- Born: Alan Kenneth Winstanley 2 November 1952 (age 73) Fulham, London, England
- Genres: Rock; pop; new wave;
- Occupations: Record producer; songwriter;
- Years active: 1970s–present

= Alan Winstanley =

English record producer and songwriter (born 1952)

Alan Kenneth Winstanley (win-STAN-lee; born 2 November 1952) is an English record producer and songwriter, active from the mid-1970s onwards. He usually works with Clive Langer.

==Early life==
He was born in Fulham in November 1952 to parents Ken and Doreen. After playing guitar in local groups he started his career at TW Studios in Fulham.

==Career==
His early career during the mid-1970s was as an audio engineer, working on albums by the Stranglers in addition to releases by Joe Jackson and Generation X. He also worked with songwriter Brian Wade, producing teen pop singer Nikki Richards' single "Oh Boy!" in 1978.

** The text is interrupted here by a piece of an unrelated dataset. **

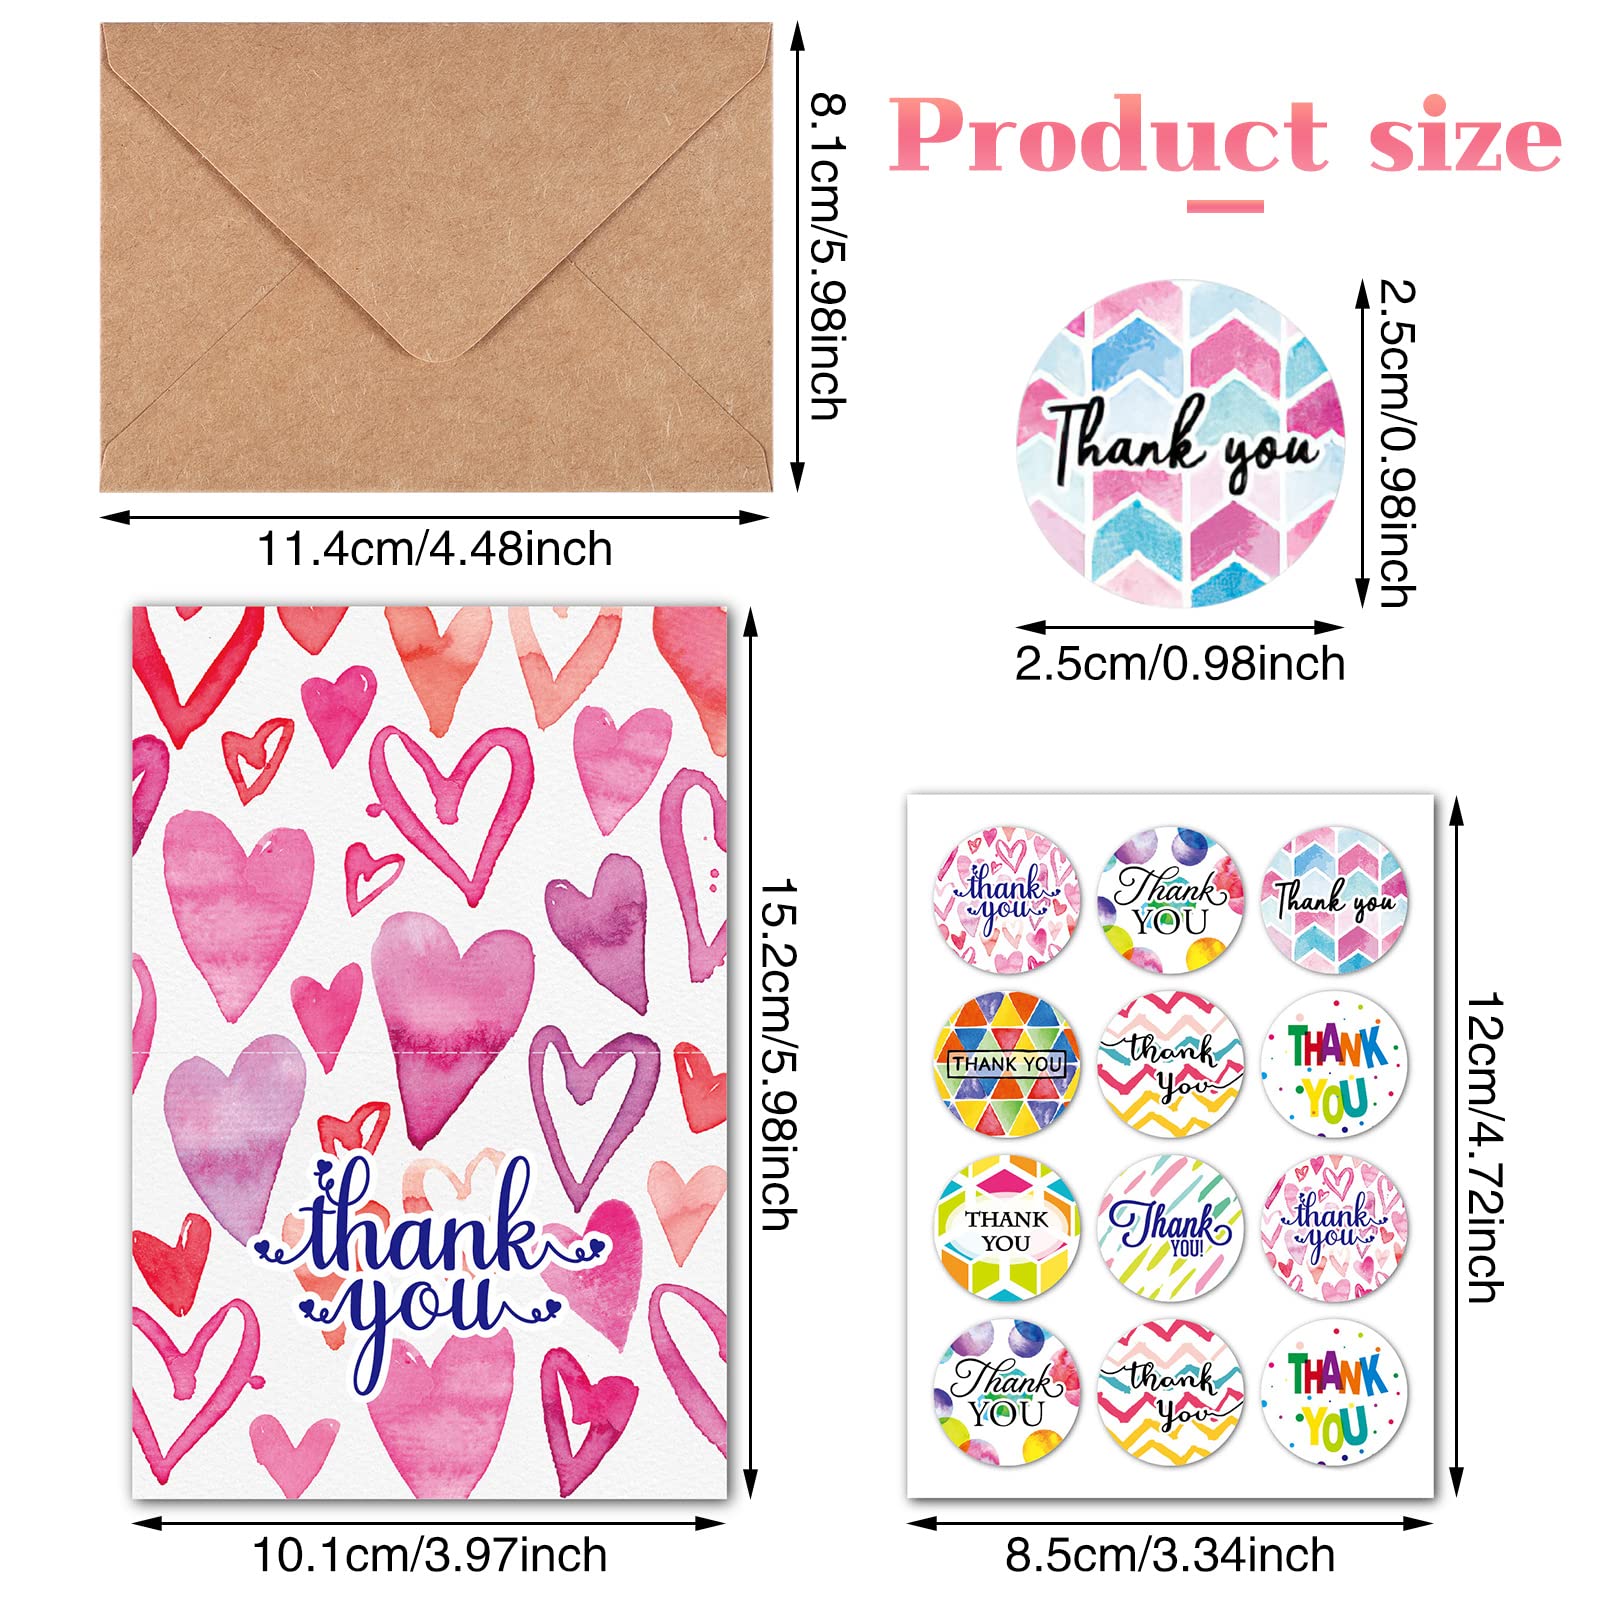 24 Pack Thank You Cards, Thank You Cards Multipack with envelopes Greeting Cards Rainbow Thank You Greeting Cards & Stickers for Wedding Graduation Teacher Birthday Baby Shower

==Notable studio albums produced or co-produced by Winstanley==
- Generation X (1978) (Winstanley engineered).
- One Step Beyond... – Madness (1979)
- The Raven – The Stranglers (1979)
- 4 Out of 5 Doctors – 4 Out of 5 Doctors (1980)
- Absolutely – Madness (1980)
- Kilimanjaro – The Teardrop Explodes (1980)
- 7 – Madness (1981)
- Eddie, Old Bob, Dick and Gary – Tenpole Tudor (1981)
- Too-Rye-Ay – Dexys Midnight Runners (1982)
- The Rise & Fall – Madness (1982)
- Punch the Clock – Elvis Costello and the Attractions (1983)
- Goodbye Cruel World – Elvis Costello and the Attractions (1984)
- Despite Straight Lines – Marilyn (1985)
- People – Hothouse Flowers (1988)
- Flood – They Might Be Giants (1990)
- Home – Hothouse Flowers (1990)
- Kill Uncle – Morrissey (1991)
- Sixteen Stone – Bush (1994)
- One Day at a Time – Symposium (1997)
- The Science of Things – Bush (1999)
- Mink Car – They Might Be Giants (2001)
- Lifelines – a-ha (2002)
- Please Describe Yourself – Dogs Die in Hot Cars (2004)
- Despite Straight Lines: The Very Best of Marilyn – Marilyn (2008)
- The Liberty of Norton Folgate – Madness (2009)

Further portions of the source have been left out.